Hope it doesn't crack....









this appeared quite often on model years 2007-2009. mine was a 2007 and I recieved one of the few updated frames before Fusion stopped producing...










have fun with it, it's an excellent bike!


----------



## Fuglio (Jul 15, 2011)

Im the third owner. So maybe it would have showed up allready? I cased a double my first day out onit. Landed hard on a rock with the bash gaurd. Where exactly is the crack?


----------



## nobrakes2007 (Dec 8, 2010)

I am not seeing it guys....sounds like everyone likes the way they ride but from a looks stand point, I am not a fan.


----------



## raschaa (Mar 18, 2007)

@ Fuglio: have a look at the weld on top of the gusset that goes from the bottom bracket up around the shock. they almost always cracked that weld, although I know quite a few that rode on with the crack for over a year and nothing happened... here's a better pic


what frame number do you have, they started with production year (05 = 2005...) the early makes <2007 didn't crack as often as later ones.

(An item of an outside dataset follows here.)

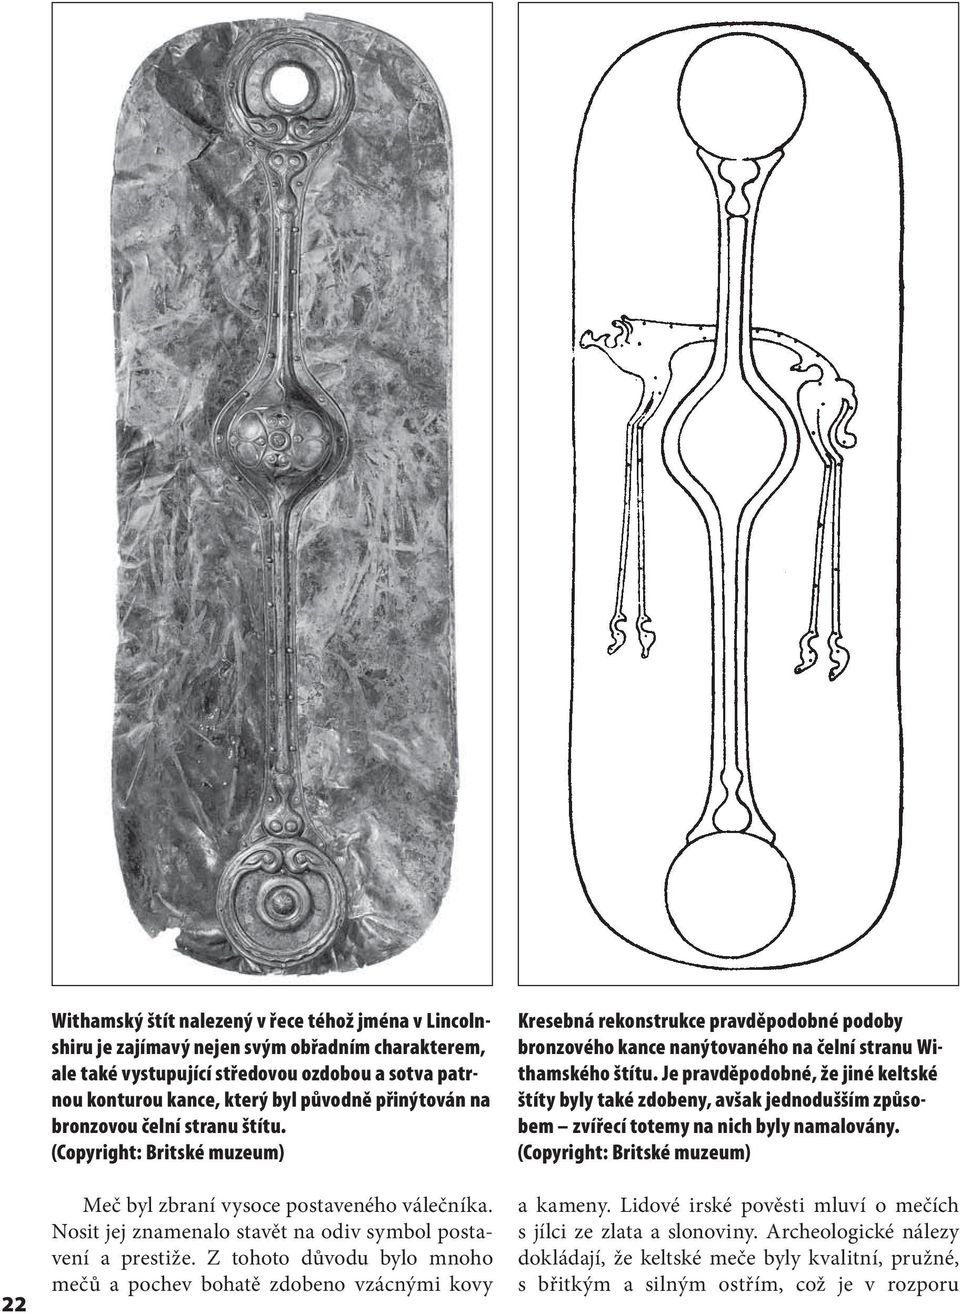 Z tohoto důvodu bylo mnoho mečů a pochev bohatě zdobeno vzácnými kovy Kresebná rekonstrukce pravděpodobné podoby bronzového kance nanýtovaného na čelní stranu Withamského štítu.

@nobrakes: form follows function  
original design is from 03 and was only upgraded gradually when deemed necessary, its not a hydro-de-formed one year only production a la specialized et al. handmade, hand welded, non mass production bikes that are engineered to work and not sell via looks. see Nicolai bikes, state of the art engineering with straight tubing, porno welding and cnc, made to work, not look. the engineering inclined find them beautiful, thank god for different tastes...


35lbs. race-ready


----------